A Teaspoon of Neutron Star Weighs About a Billion Tonnes

Answers: “how much does a teaspoon of neutron star weigh?”

When a giant star dies, it doesn’t always go quietly into a black hole. Sometimes it leaves behind something almost stranger: a neutron star.

Picture this: take the entire Sun — 1.4 times its mass, actually — and crush it down into a sphere about 20 kilometers across. That’s roughly the size of Mumbai. That’s a neutron star.

The numbers stop making intuitive sense very quickly:

  • One teaspoon of neutron star material weighs around a billion tonnes — more than all 8 billion humans on Earth combined, several times over.
  • The surface gravity is so intense that if you dropped a marshmallow onto a neutron star, it would hit the surface with the energy of a small nuclear bomb.
  • Some spin hundreds of times per second — an object the mass of the Sun, rotating faster than a kitchen blender. We call those pulsars.
  • Their magnetic fields can be trillions of times stronger than Earth’s.

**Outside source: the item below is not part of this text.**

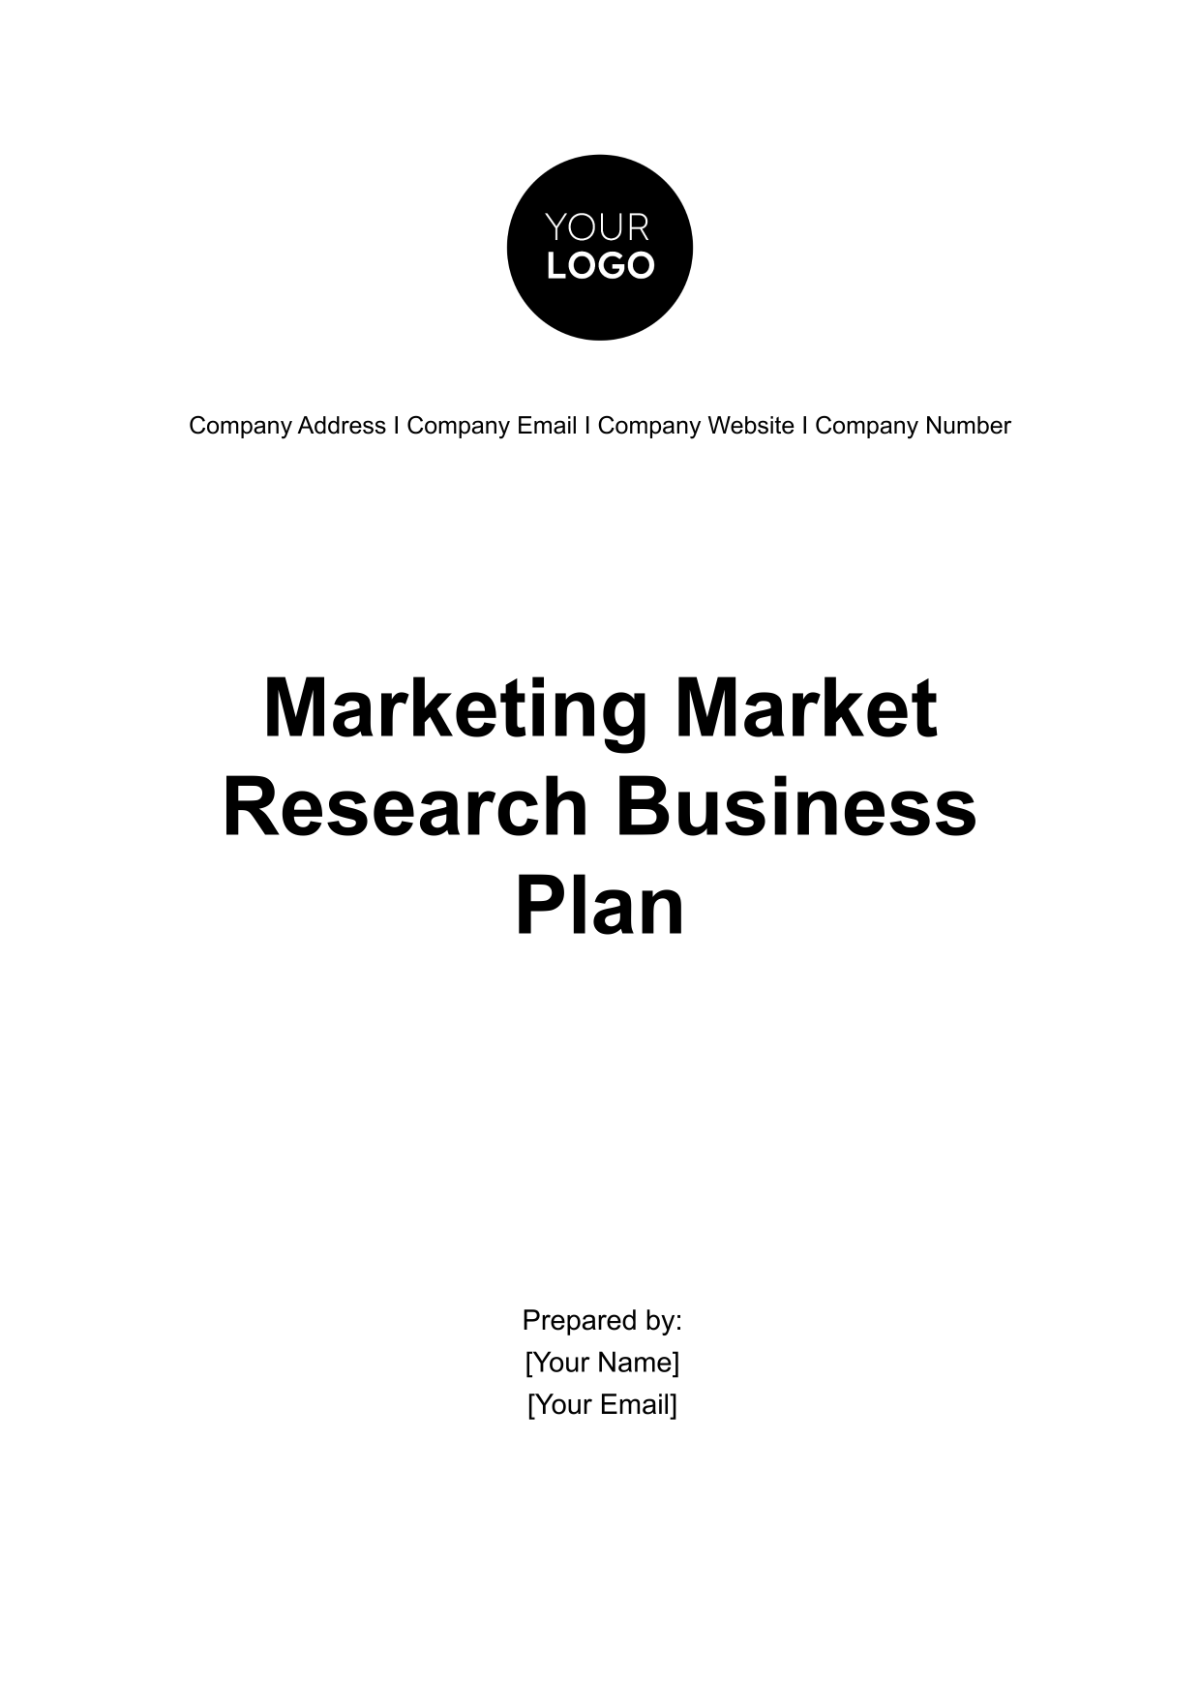 Marketing Market Research Business Plan Template
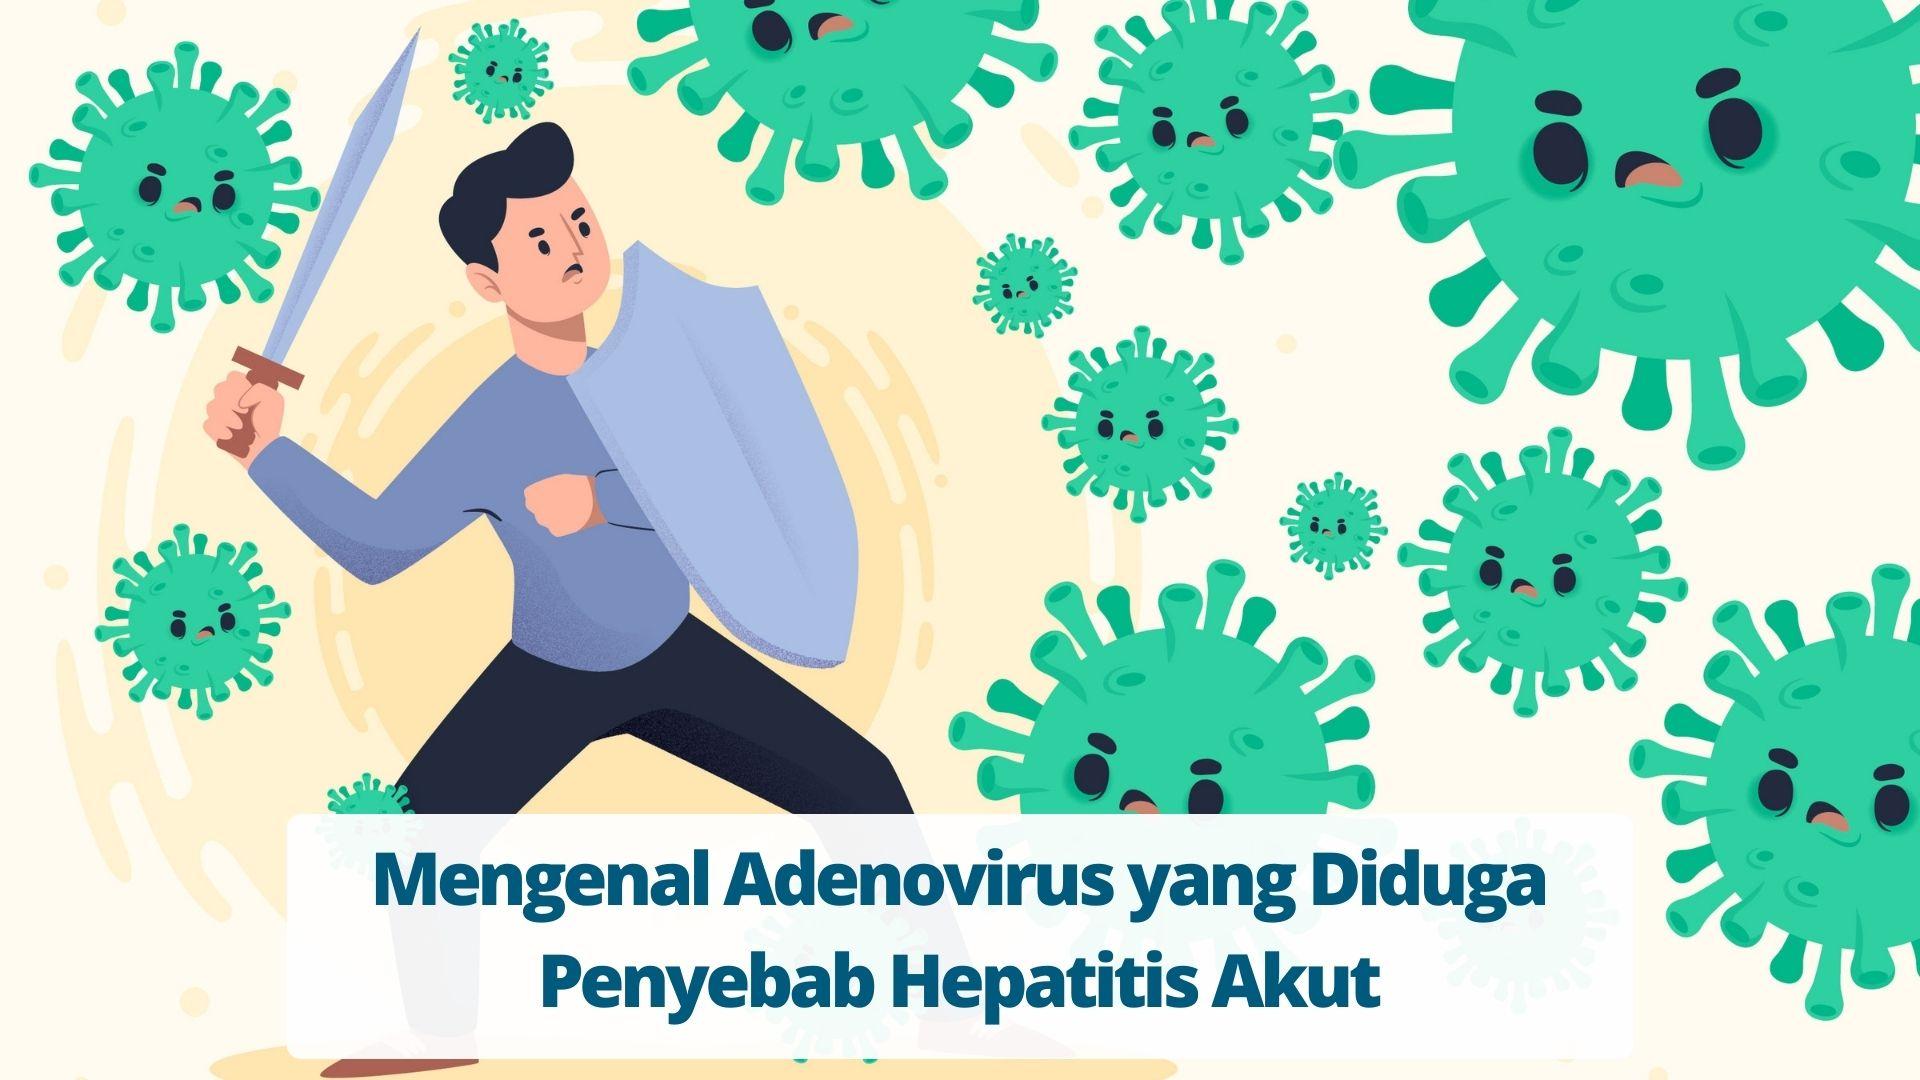 Mengenal Adenovirus yang Diduga Penyebab Hepatitis Akut

What makes this density possible? Inside a neutron star, gravity has crushed atoms themselves out of existence. Electrons and protons have been squeezed together into neutrons, and the entire star is essentially one giant atomic nucleus held together by gravity.

Here’s the part astronomers love most: neutron stars aren’t rare curiosities. There are likely hundreds of millions of them drifting through our galaxy alone — silent, city-sized corpses of dead suns, each one denser than anything humans could ever recreate.

The universe’s most extreme matter isn’t in a lab. It’s out there, spinning in the dark.